Originally posted on Lipglossandhighheels.com
The holidays are my favorite time of year (like most people). One of my favorite parts about the holidays is that I have an excuse to bake massive amounts of desserts and treats to share with others. At the beginning of November I load up on baking essentials such as sugar, flour, eggs, and baking soda. I know that if I have the essentials then I can bake anything in a breeze.
Thanksgiving isn’t always my favorite holiday. Both my family and my husband’s family cook the same exact meal so it’s a day full of eating Turkey, stuffing, green bean casserole and sweet potatoes for lunch and dinner. The one thing that I enjoy doing that makes Thanksgiving a little brighter is to bake. Every year, I go all out baking up a storm. The best part about it is being able to share it with my loved ones.
This year, I wanted to bake something with pumpkin in it so I decided to bake a Pumpkin Bundt Cake. I didn’t want to bake just any bundt cake, I wanted it to look just like a pumpkin! So after thinking about it a while, I figured out how to do it.
I had a recipe for a spiced bundt cake but added a few extra ingredients to make it the best pumpkin bundt cake ever. No joke. My husband and I couldn’t stop eating it. Did I mention the icing is homemade too?
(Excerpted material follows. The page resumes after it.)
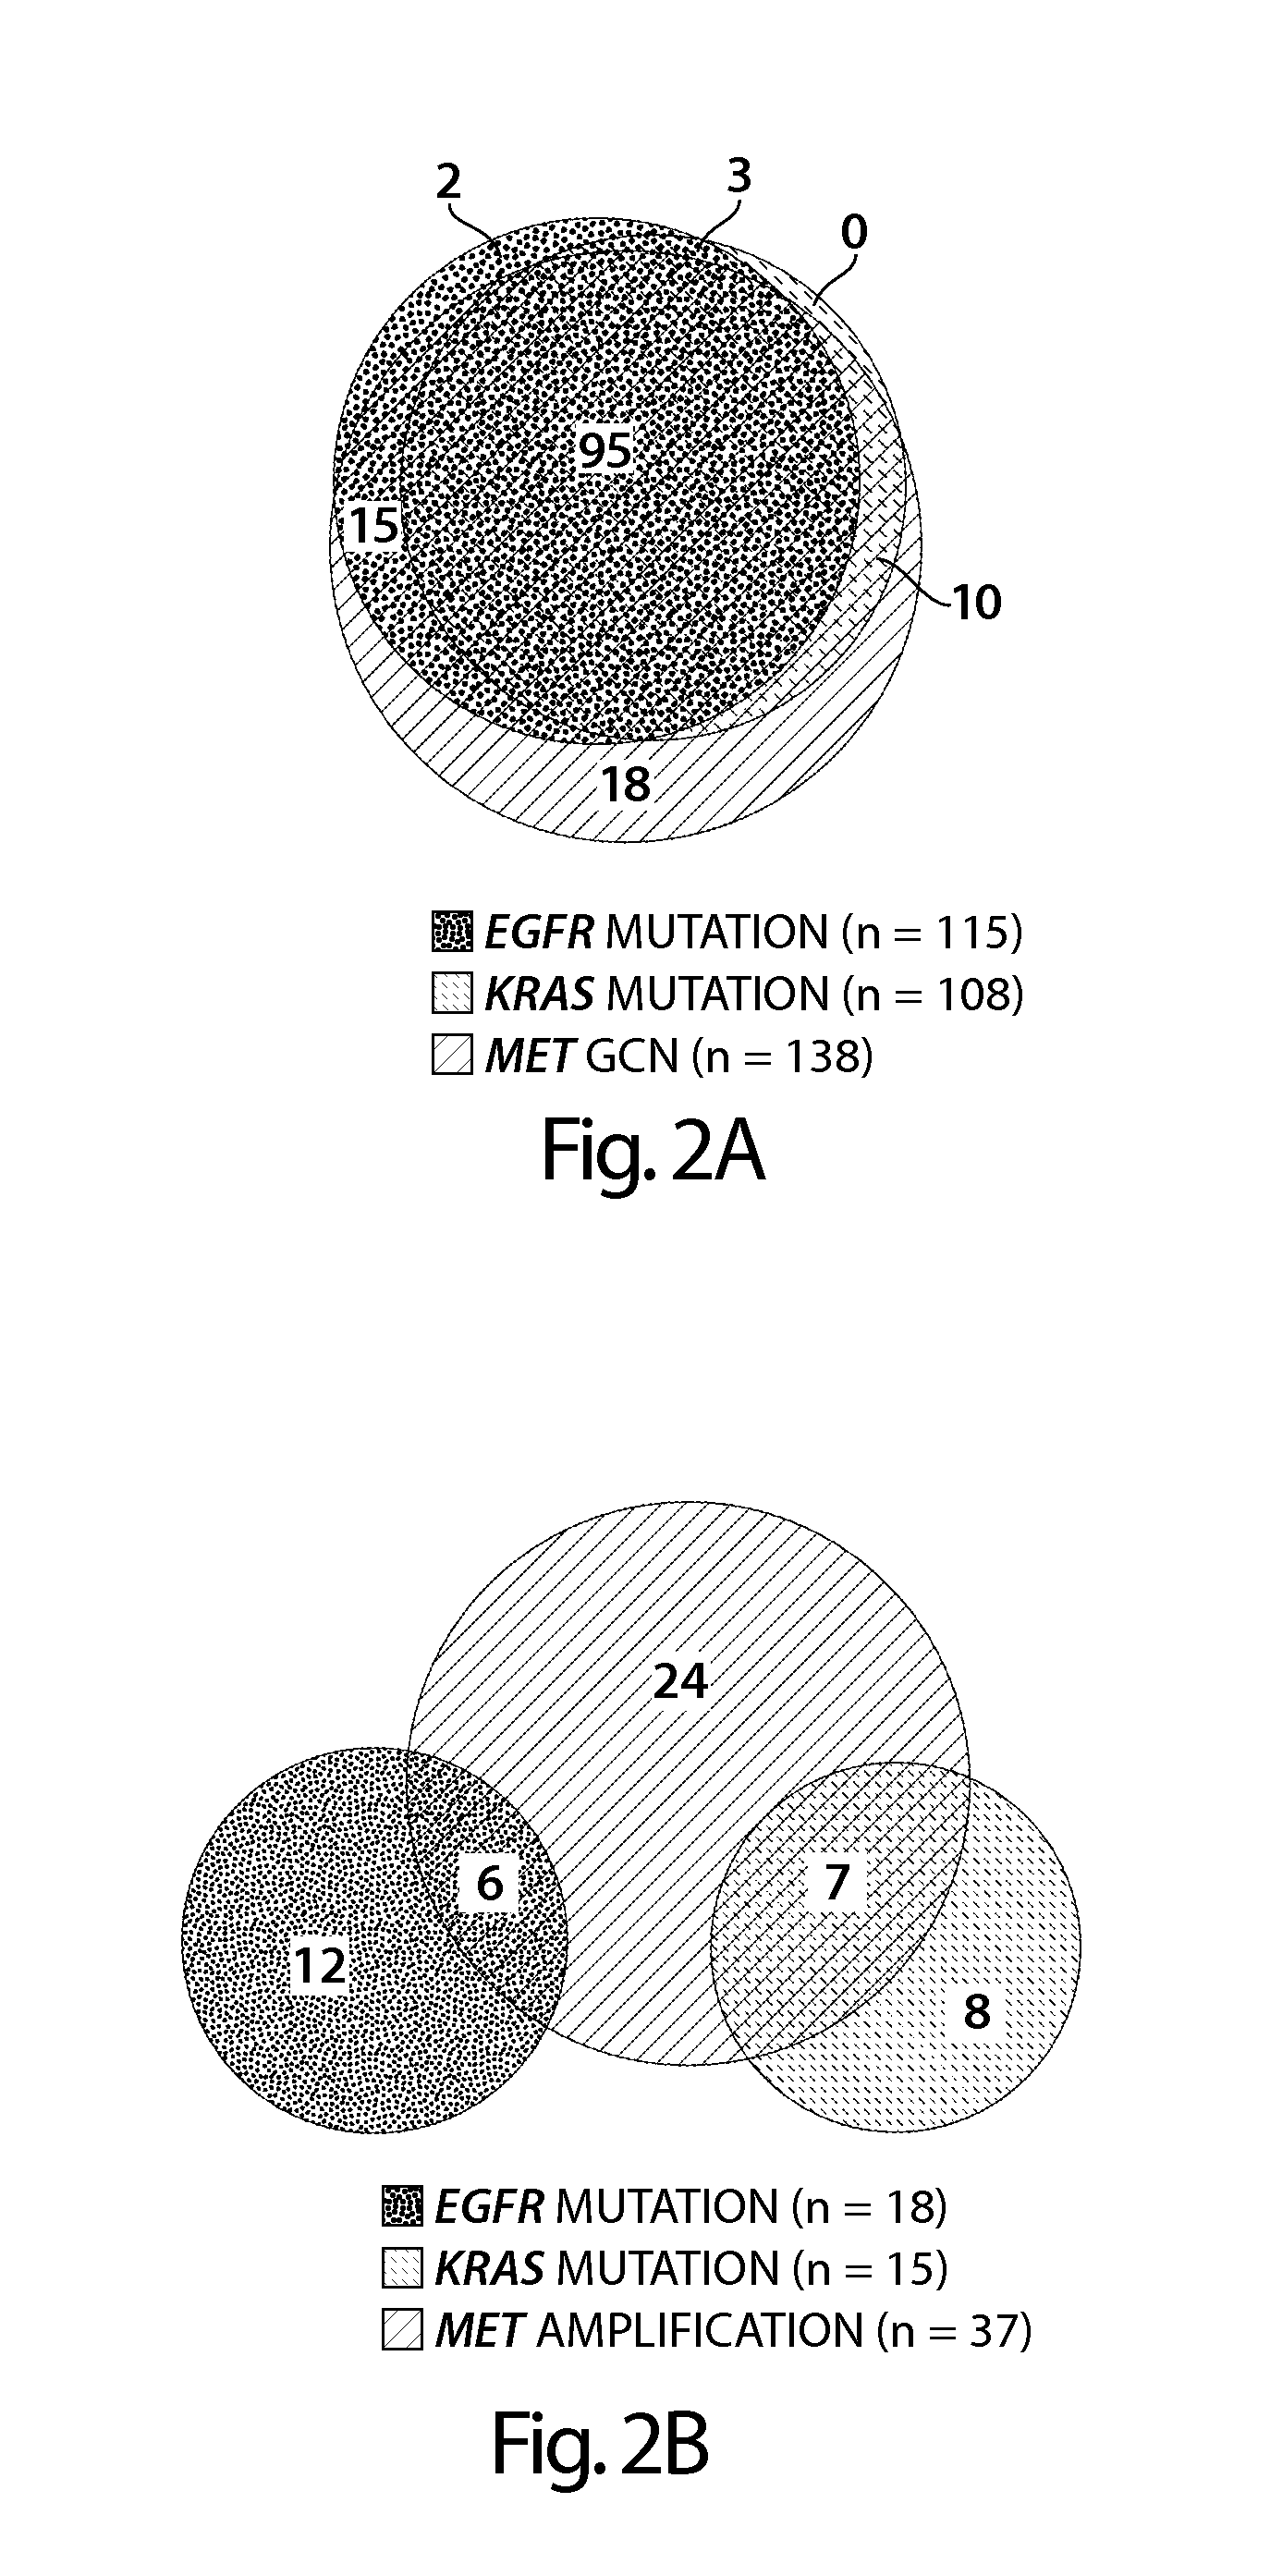 Methods for treatment of non-small cell lung cancer

The recipe was so simple. I made two bundt cakes and put them on top of each other to make the pumpkin shape. The recipe below is for one bundt cake. So when making the recipe don’t forget to double the recipe.
Pumpkin Bundt Cake
Ingredients
- 2 cups sugar
- 4 Goldrich Eggs
- 1 cup vegetable oil
- 1 teaspoon vanilla
- 2 cups flour
- 2 teaspoons baking soda
- 2 teaspoons cinnamon
- 1/2 teaspoon salt
- 4oz pumpkin puree
Directions:
- Preheat over at 350 degrees.
- Beat sugar and eggs until well blended. If using Goldrich Eggs, the yolk will be very vibrant.
- Add oil, continue beating. Beat for a few minutes until it’s well blended.
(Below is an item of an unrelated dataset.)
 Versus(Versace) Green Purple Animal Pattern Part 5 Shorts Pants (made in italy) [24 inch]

- Combine all dry ingredients to egg mixture. Mixture will get very thick.
- Add vanilla.
- Add pumpkin puree and mix well.
- Pour into greased 9 in bundt pan.
- Bake at 350 degrees for 55 minutes.
- Let stand in pan for 10 minutes.
- Turn the bundt cake onto baking rack or platter to allow it to cool completely.
Cream Cheese Icing
Ingredients:
- 1/2 cup unsalted butter, softened
- 2 oz cream cheese, softened
- 2 cups powdered sugar
- 1 teaspoon vanilla
Directions:
- Blend softened cream cheese and butter til smooth and creamy.
- Add vanilla.
- Add powdered sugar. Mix well.
There are a few things to know before making the Pumpkin Bundt Cake. You will need to make two bundt cakes so you will need to double both the bundt cake recipe and the cream cheese icing recipe to have enough for both. Before you start baking, make sure you have 2 bundt cake pans that are the same size unless you want to cook one cake, let it cool then cook another cake in the same pan. I would highly suggest purchasing two pans the same size, it will cut your bake time in half!